WIP: stdin support for FASTA/FASTQ files #2029

RaeedA · 2024-05-24T22:13:34Z

Issue #2017
Adding support for FASTA/FASTQ files to make them accept stdin streaming, as well as adding compatibility for other file formats in the future.
Modified the FASTQ file parser to match the FASTA structure, specifically moving the parser functionality out of the reader and into a dedicated helper function.
Making most sniffer/parsers pass out consumed lines.
Coverage still in progress.

Please complete the following checklist:

I have read the contribution guidelines.
I have documented all public-facing changes in the changelog.
This pull request includes code, documentation, or other content derived from external source(s). If this is the case, ensure the external source's license is compatible with scikit-bio's license. Include the license in the licenses directory and add a comment in the code giving proper attribution. Ensure any other requirements set forth by the license and/or author are satisfied.
- It is your responsibility to disclose code, documentation, or other content derived from external source(s). If you have questions about whether something can be included in the project or how to give proper attribution, include those questions in your pull request and a reviewer will assist you.
This pull request does not include code, documentation, or other content derived from external source(s).

Note: This document may also be helpful to see some of the things code reviewers will be verifying when reviewing your pull request.

Stdin fixes

codecov · 2024-05-24T22:28:03Z

Codecov Report

Attention: Patch coverage is 91.30435% with 14 lines in your changes are missing coverage. Please review.

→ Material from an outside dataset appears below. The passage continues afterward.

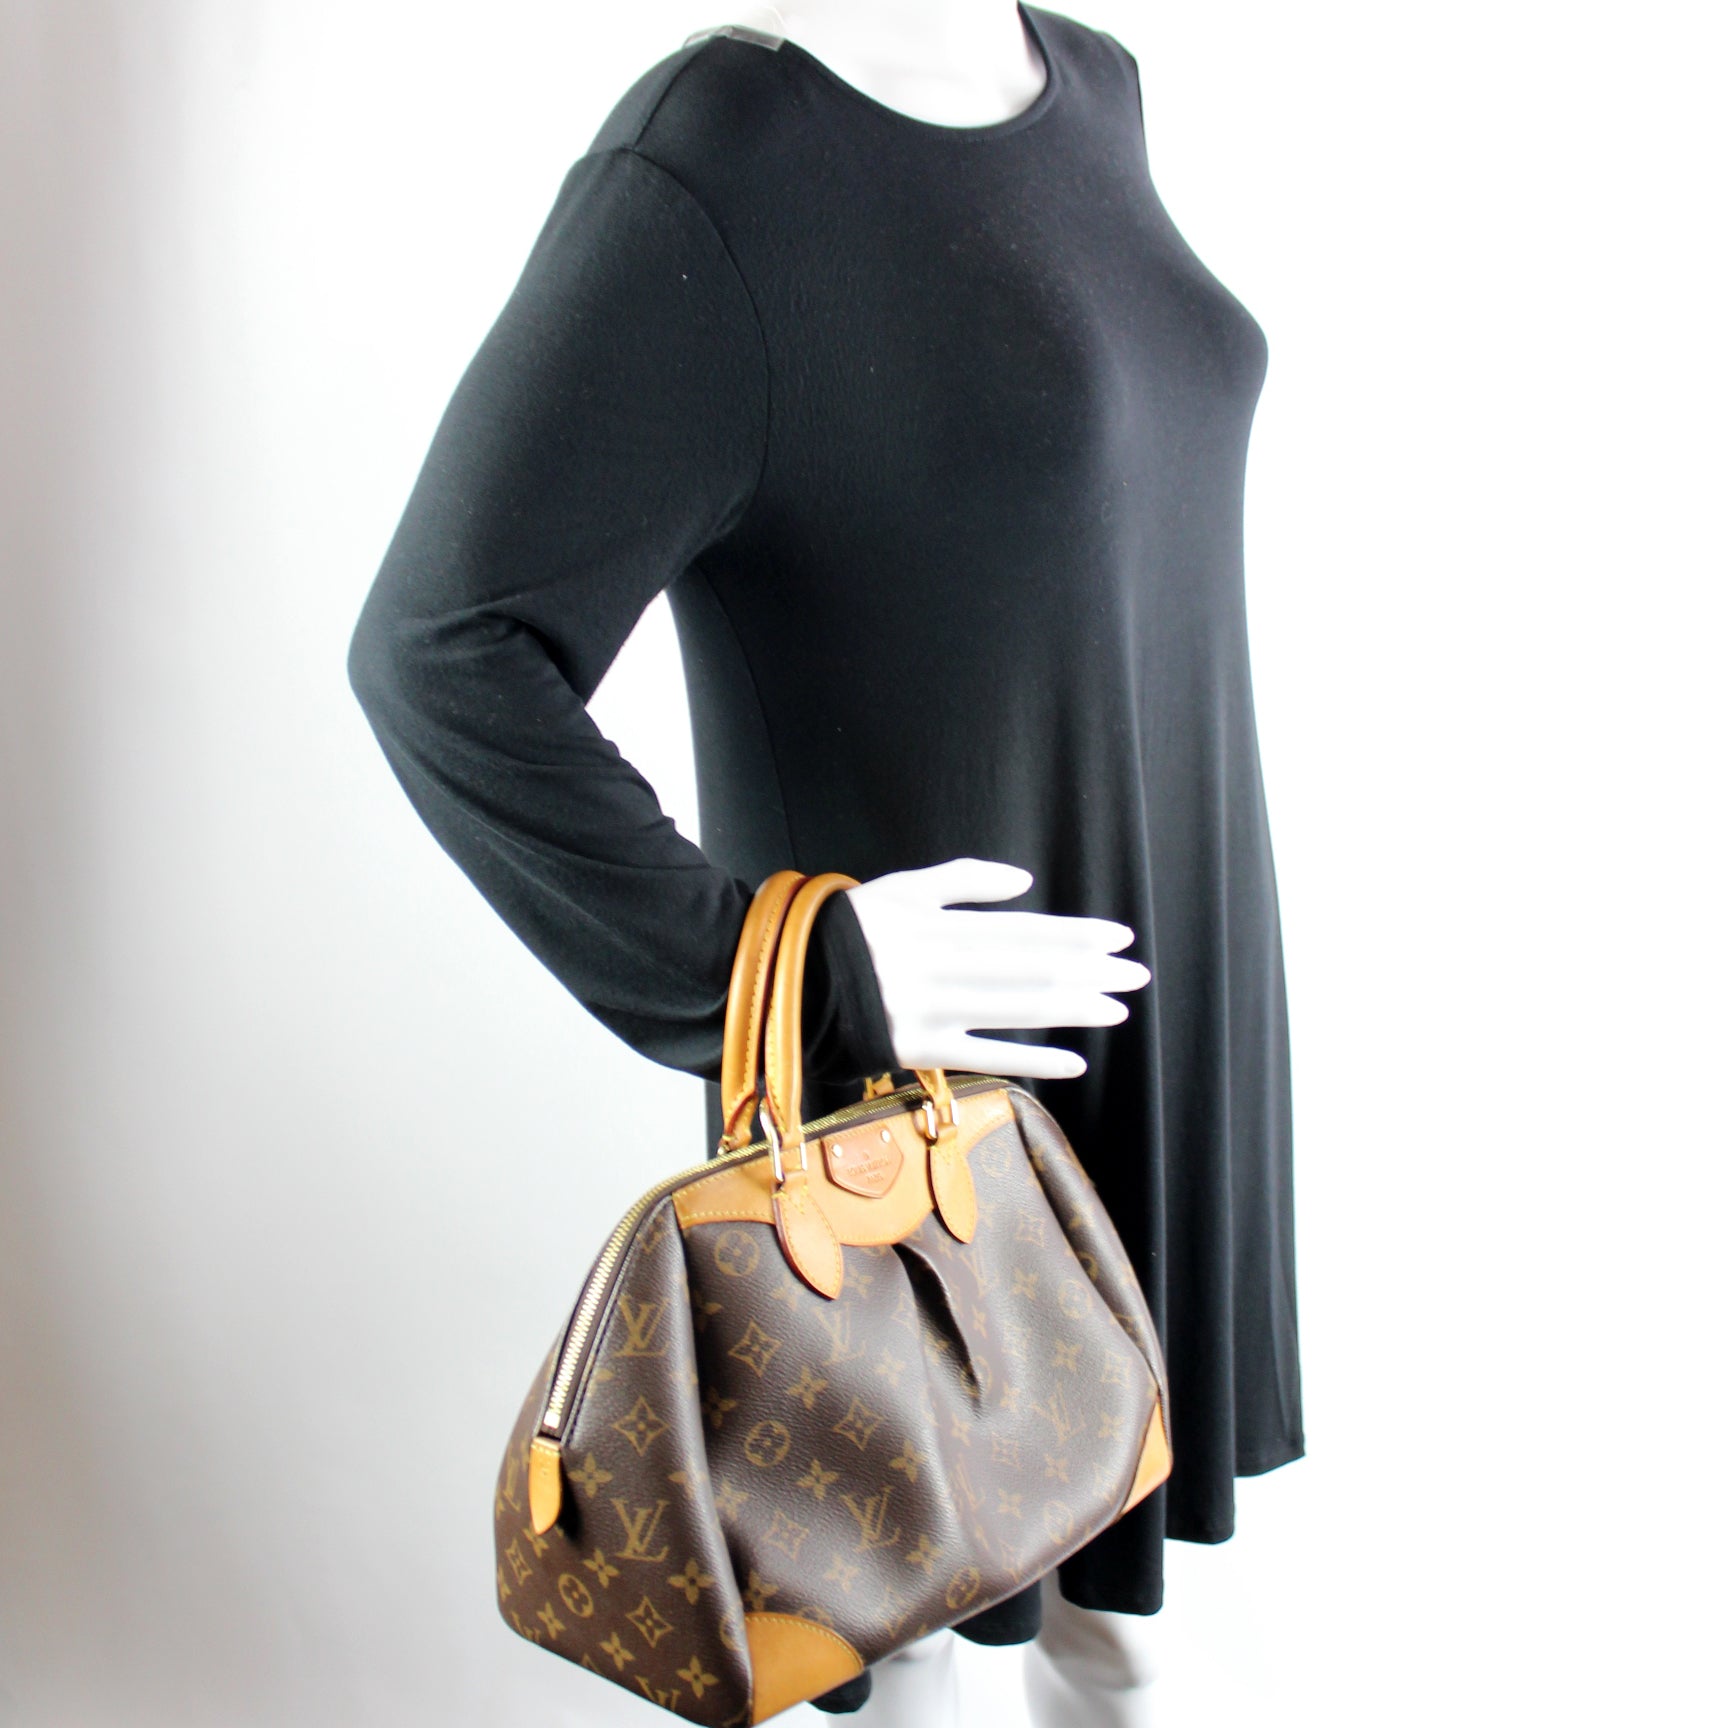 Segur NM Monogram – Keeks Designer Handbags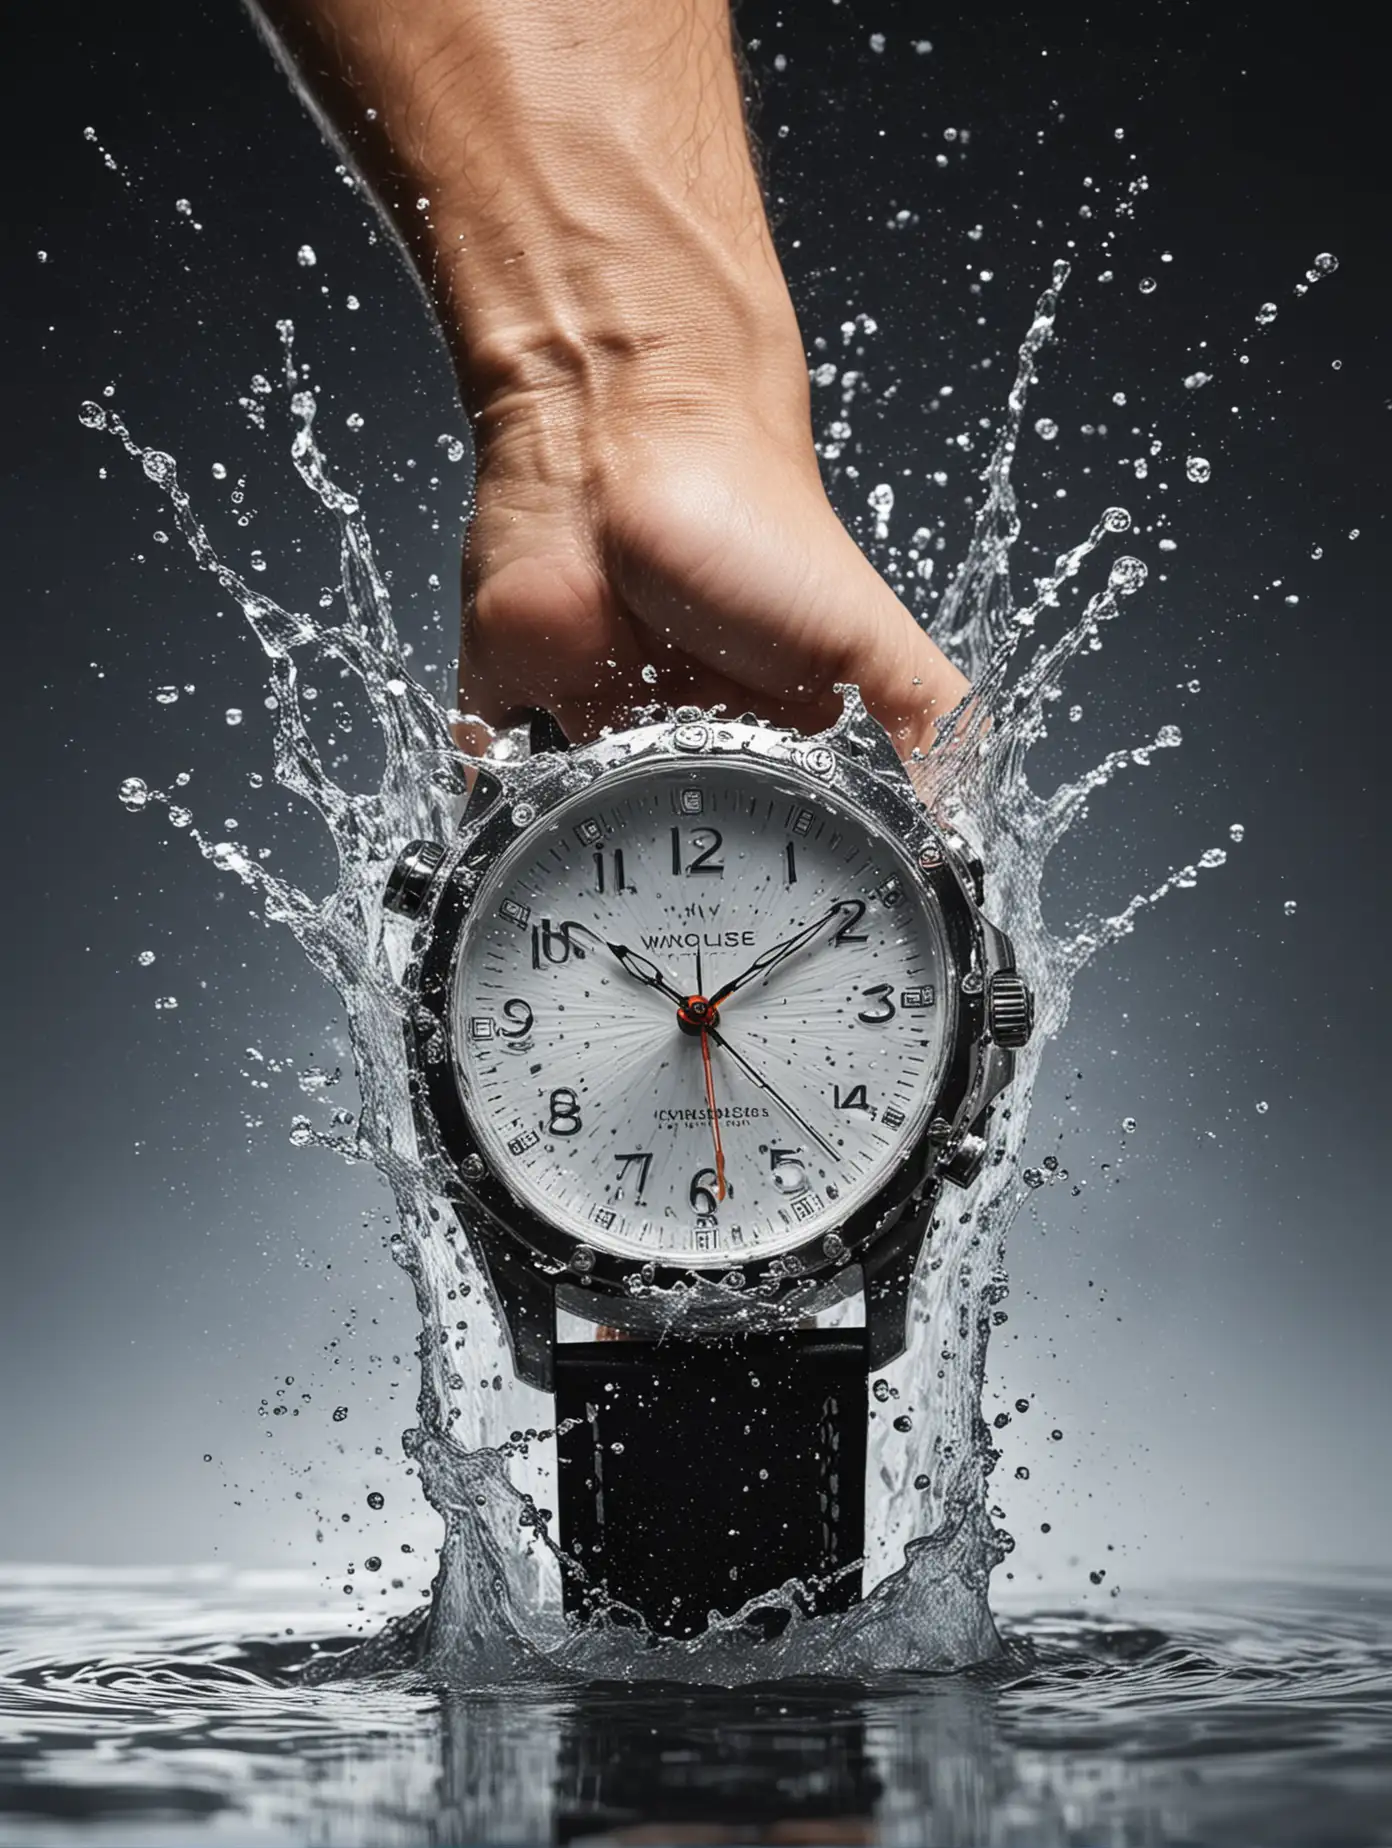 water splashing from behind a wrist watch

Project coverage is 98.44%. Comparing base (e3a27f5) to head (1b3629b).
Report is 2 commits behind head on main.

Files	Patch %	Lines
skbio/io/_iosources.py	54.54%	5 Missing ⚠️
skbio/io/util.py	70.00%	3 Missing ⚠️
skbio/io/format/_base.py	77.77%	2 Missing ⚠️
skbio/io/registry.py	92.00%	2 Missing ⚠️
skbio/io/format/fasta.py	94.73%	1 Missing ⚠️
skbio/io/format/fastq.py	97.77%	1 Missing ⚠️

Additional details and impacted files

@@            Coverage Diff             @@
##             main    #2029      +/-   ##
==========================================
- Coverage   98.59%   98.44%   -0.16%     
==========================================
  Files         182      182              
  Lines       30885    31156     +271     
  Branches     7512     7583      +71     
==========================================
+ Hits        30452    30671     +219     
- Misses        418      469      +51     
- Partials       15       16       +1

☔ View full report in Codecov by Sentry.
📢 Have feedback on the report? Share it here.

qiyunzhu

@RaeedA Great job! It looks to me quite meaningful. I did some tests using the attached real-world FASTQ file as input, and got mixed result.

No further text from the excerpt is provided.